Assignment> Starting at the line below that contains "Savage x Fenty" and ending at the line that contains "Nokia Office ToolsNokia", retype each line exactly as it stands, but omit the pictures.

Study material>
---

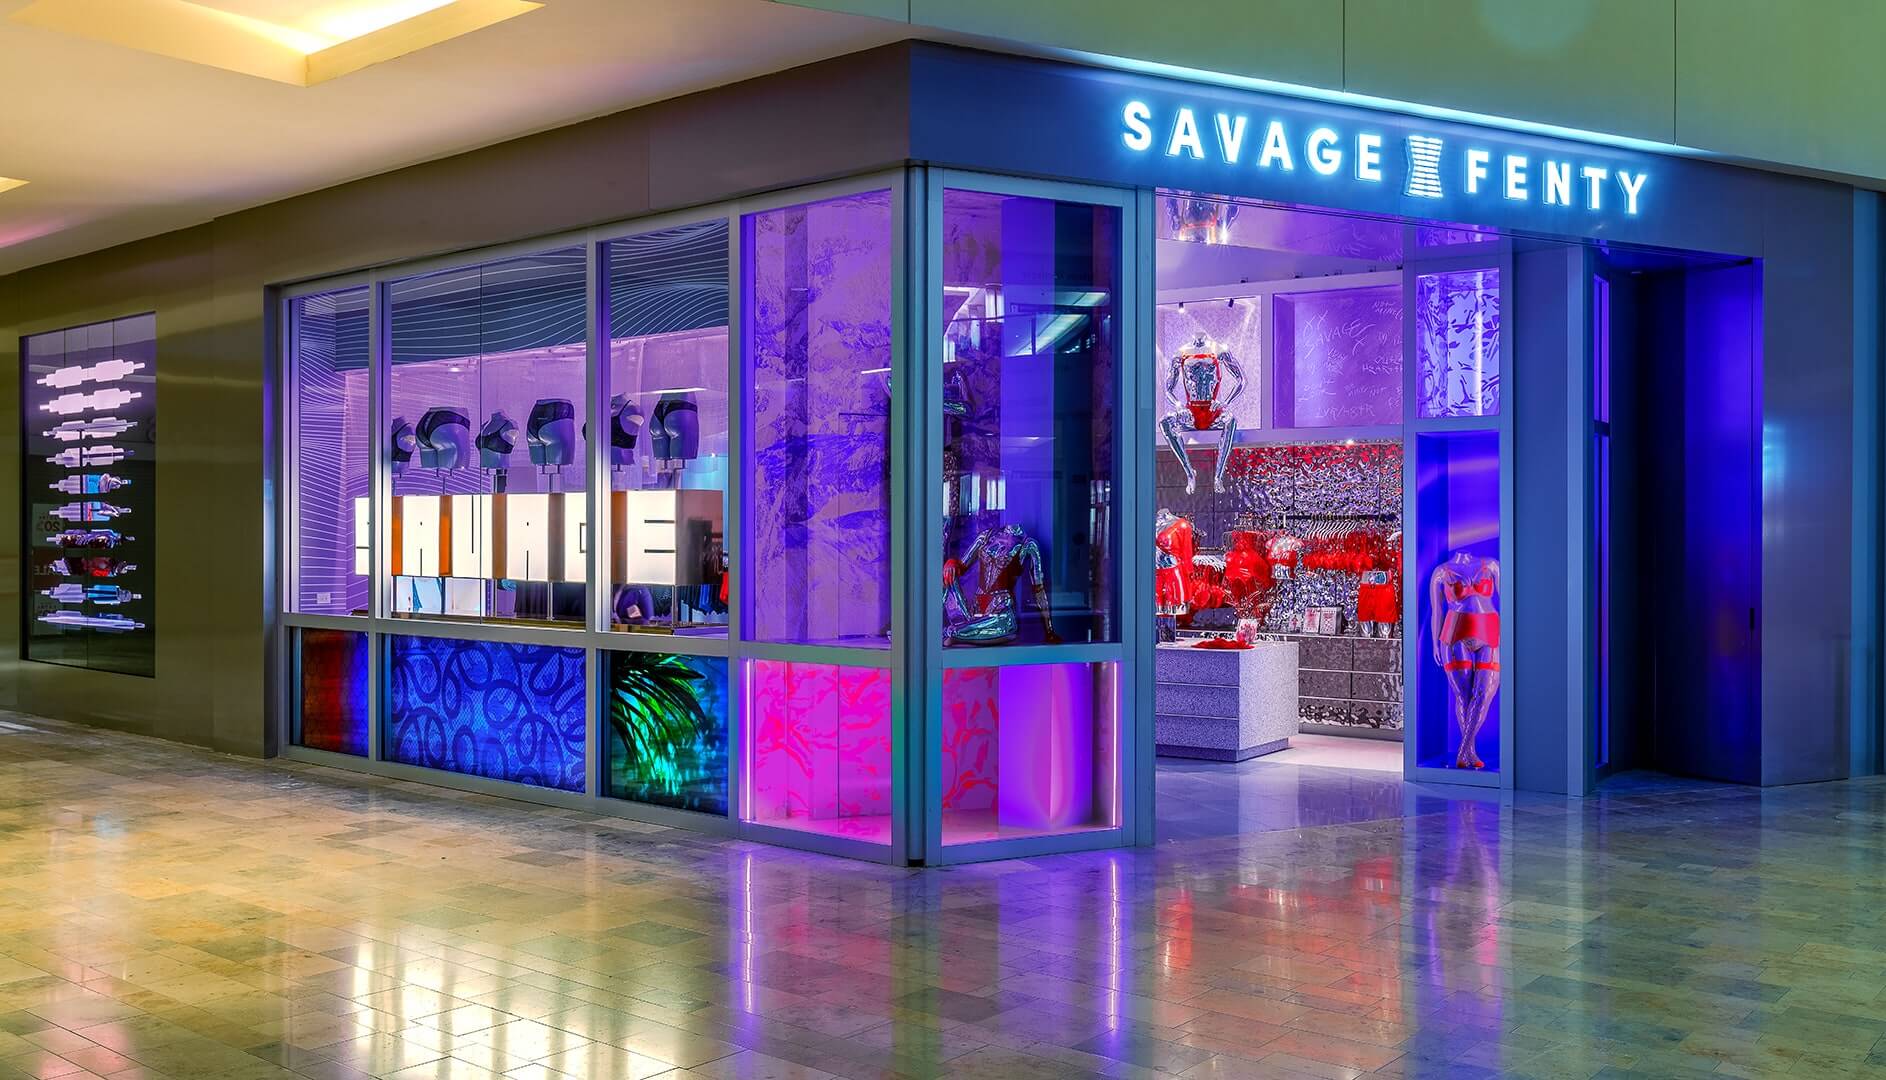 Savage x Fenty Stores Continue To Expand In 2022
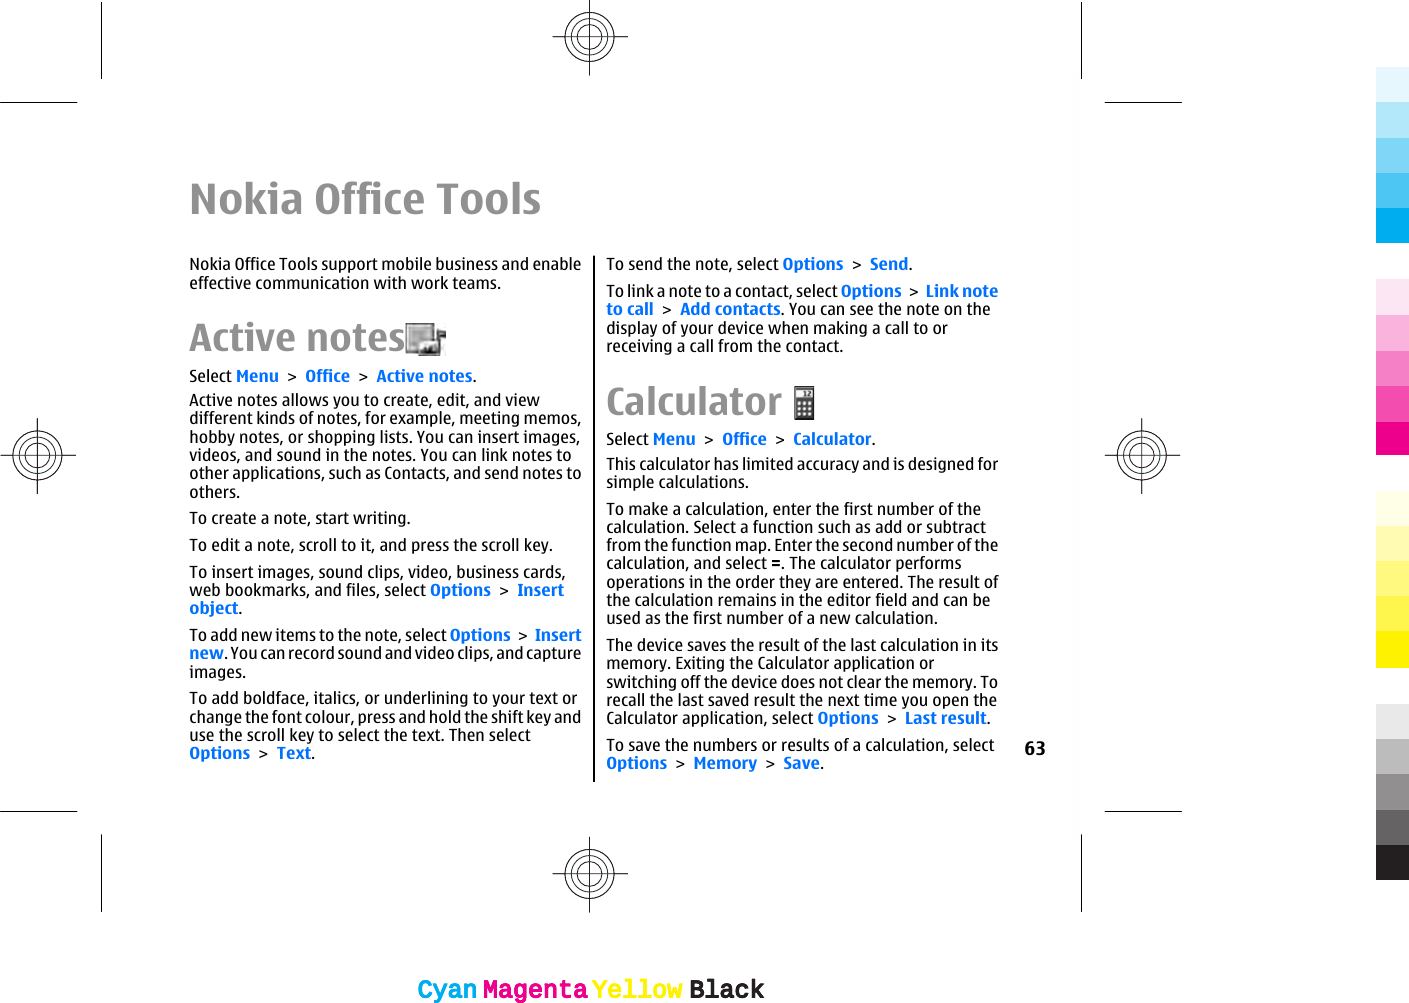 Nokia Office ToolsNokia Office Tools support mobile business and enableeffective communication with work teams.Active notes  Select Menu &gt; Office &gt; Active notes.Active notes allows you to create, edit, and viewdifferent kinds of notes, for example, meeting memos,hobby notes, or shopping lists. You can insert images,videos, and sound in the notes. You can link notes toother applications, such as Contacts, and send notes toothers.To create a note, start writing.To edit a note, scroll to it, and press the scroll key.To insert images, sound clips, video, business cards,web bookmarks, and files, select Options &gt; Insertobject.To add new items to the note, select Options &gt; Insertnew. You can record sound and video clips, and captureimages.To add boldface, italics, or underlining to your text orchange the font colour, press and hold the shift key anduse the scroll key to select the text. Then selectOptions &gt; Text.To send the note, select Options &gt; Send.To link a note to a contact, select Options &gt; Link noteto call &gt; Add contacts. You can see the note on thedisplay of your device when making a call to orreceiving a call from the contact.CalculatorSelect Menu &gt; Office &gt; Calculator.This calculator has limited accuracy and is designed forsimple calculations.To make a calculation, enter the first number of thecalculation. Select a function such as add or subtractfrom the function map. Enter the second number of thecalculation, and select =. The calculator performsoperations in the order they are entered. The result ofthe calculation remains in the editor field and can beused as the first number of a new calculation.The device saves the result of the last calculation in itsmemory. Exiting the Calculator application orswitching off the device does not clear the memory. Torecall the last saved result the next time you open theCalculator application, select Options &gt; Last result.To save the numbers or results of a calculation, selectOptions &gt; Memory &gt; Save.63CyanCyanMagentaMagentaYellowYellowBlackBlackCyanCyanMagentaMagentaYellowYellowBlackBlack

---

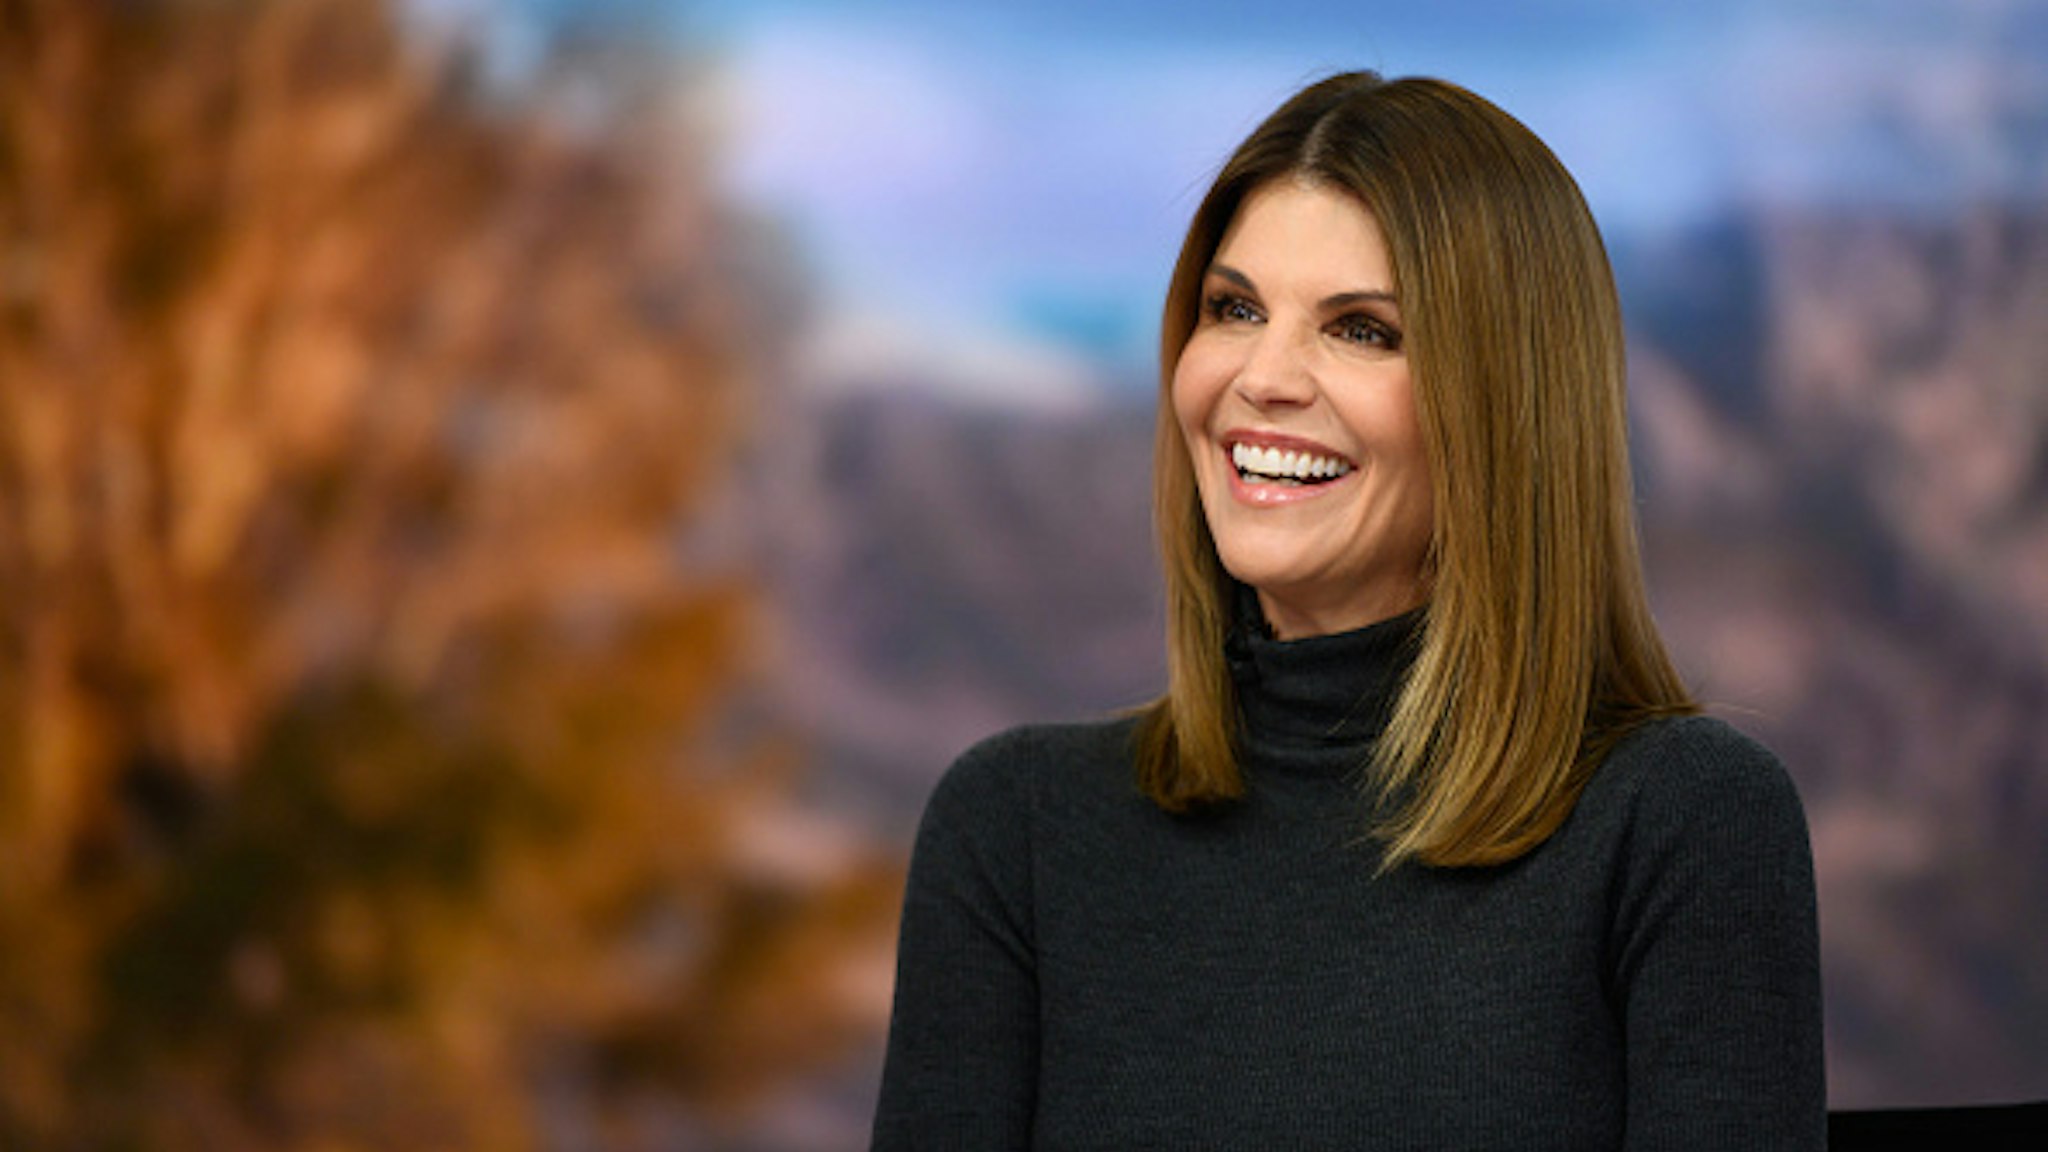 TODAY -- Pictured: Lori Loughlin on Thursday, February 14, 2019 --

---

Solution>
 Savage x Fenty Stores Continue To Expand In 2022
 Nokia Office ToolsNokia Office Tools support mobile business and enableeffective communication with work teams.Active notes  Select Menu &gt; Office &gt; Active notes.Active notes allows you to create, edit, and viewdifferent kinds of notes, for example, meeting memos,hobby notes, or shopping lists. You can insert images,videos, and sound in the notes. You can link notes toother applications, such as Contacts, and send notes toothers.To create a note, start writing.To edit a note, scroll to it, and press the scroll key.To insert images, sound clips, video, business cards,web bookmarks, and files, select Options &gt; Insertobject.To add new items to the note, select Options &gt; Insertnew. You can record sound and video clips, and captureimages.To add boldface, italics, or underlining to your text orchange the font colour, press and hold the shift key anduse the scroll key to select the text. Then selectOptions &gt; Text.To send the note, select Options &gt; Send.To link a note to a contact, select Options &gt; Link noteto call &gt; Add contacts. You can see the note on thedisplay of your device when making a call to orreceiving a call from the contact.CalculatorSelect Menu &gt; Office &gt; Calculator.This calculator has limited accuracy and is designed forsimple calculations.To make a calculation, enter the first number of thecalculation. Select a function such as add or subtractfrom the function map. Enter the second number of thecalculation, and select =. The calculator performsoperations in the order they are entered. The result ofthe calculation remains in the editor field and can beused as the first number of a new calculation.The device saves the result of the last calculation in itsmemory. Exiting the Calculator application orswitching off the device does not clear the memory. Torecall the last saved result the next time you open theCalculator application, select Options &gt; Last result.To save the numbers or results of a calculation, selectOptions &gt; Memory &gt; Save.63CyanCyanMagentaMagentaYellowYellowBlackBlackCyanCyanMagentaMagentaYellowYellowBlackBlack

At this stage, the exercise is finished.